Fail-closed — no false-positive. MISSING_BYOK_CREDENTIAL aborts only when ResolvedMode==byok AND no surviving bypass key (workspace_provision_shared.go:217). ResolveLLMBillingMode is default-closed: DB error / NULL / garbled → platform_managed, never byok (llm_billing_mode.go:148-191), so a transient failure can't false-abort. The usable-cred check spans the full bypass set incl. ANTHROPIC_AUTH_TOKEN/MINIMAX_API_KEY/KIMI_API_KEY/etc (secrets.go:21), so minimax/kimi BYOK via ANTHROPIC_AUTH_TOKEN+BASE_URL clears it. disabled strips-but-boots (scoped out of the abort) — intended, doesn't brick no-LLM workspaces.
platform_managed no-regression — the strip+force-proxy path (workspace_provision.go:1028-1059) is behaviorally unchanged (only wrapped in a struct return); cp#362 anthropic passthrough is untouched.

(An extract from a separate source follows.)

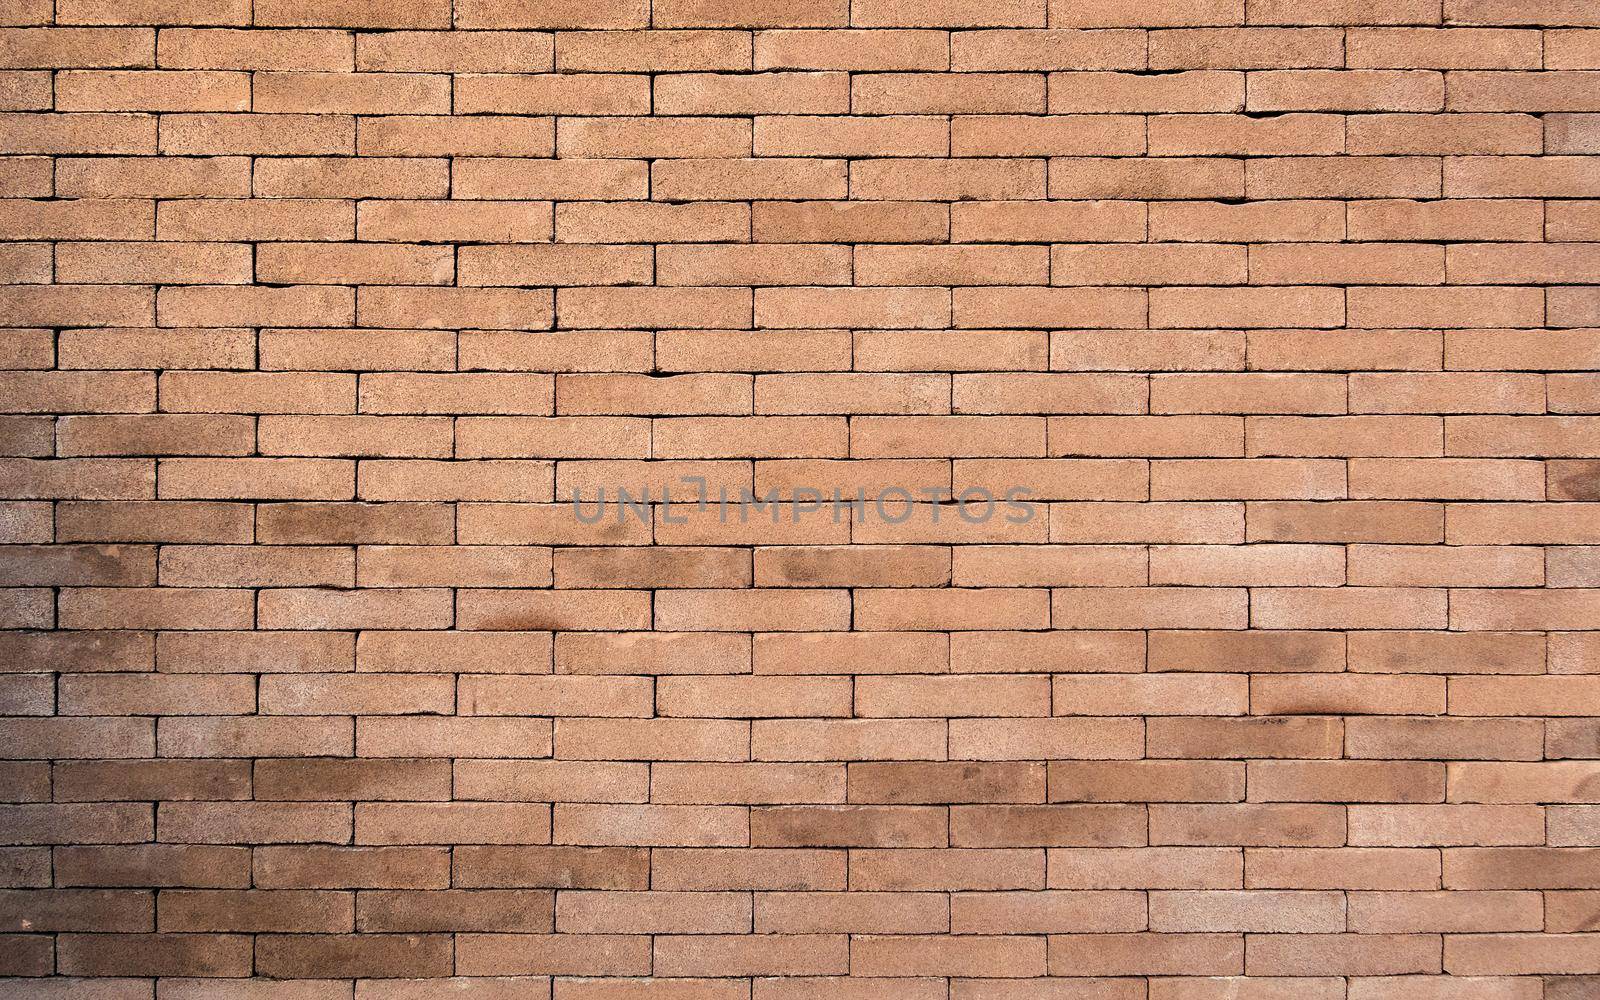 Brick wall background by dutourdumonde

TestApplyPlatformManagedLLMEnv_PlatformManagedStillReceivesGlobalCreds + _StillEmitsResolvedMode pass.
Both injection vectors closed with equivalent semantics: provision path (applyPlatformManagedLLMEnv) and remote-pull path (secrets.go Values:340) both drop globalKeys ∩ bypassKeys, overrides survive on both.

Verification run locally on an isolated worktree at the PR head: go build ./... ✓, go build/test -tags=integration ./internal/handlers/ ✓, go vet ✓, full handlers package green, all 6 named regression tests green.

Minor (non-blocking): stripGlobalOriginLLMCreds does case-exact globalKeys lookups using the canonical uppercase bypass keys, while the Values path uppercases via isPlatformManagedDirectLLMBypassKey. Both rely on the pre-existing convention that global_secrets keys are uppercase canonical — consistent with stripPlatformManagedLLMBypassEnv, not a regression. Fine to leave.

Sequencing note (NOT a blocker): open PR #1930 (refactor/drop-org-tier-llm-billing-mode) is currently NOT mergeable and overlaps secrets.go / workspace_provision.go / workspace_provision_shared_test.go / llm_billing_mode.go. It drops the orgMode param from ResolveLLMBillingMode's signature. #1963 adds a new 3-arg call site (secrets.go Values) and keeps the existing one in applyPlatformManagedLLMEnv. Whichever lands second needs the mechanical resolver-call adjustment (drop orgMode), or they will fail to compile / silently diverge. #1963 is built on current main and compiles + tests green there, so this is purely a merge-ordering hazard to coordinate — it does not gate this PR.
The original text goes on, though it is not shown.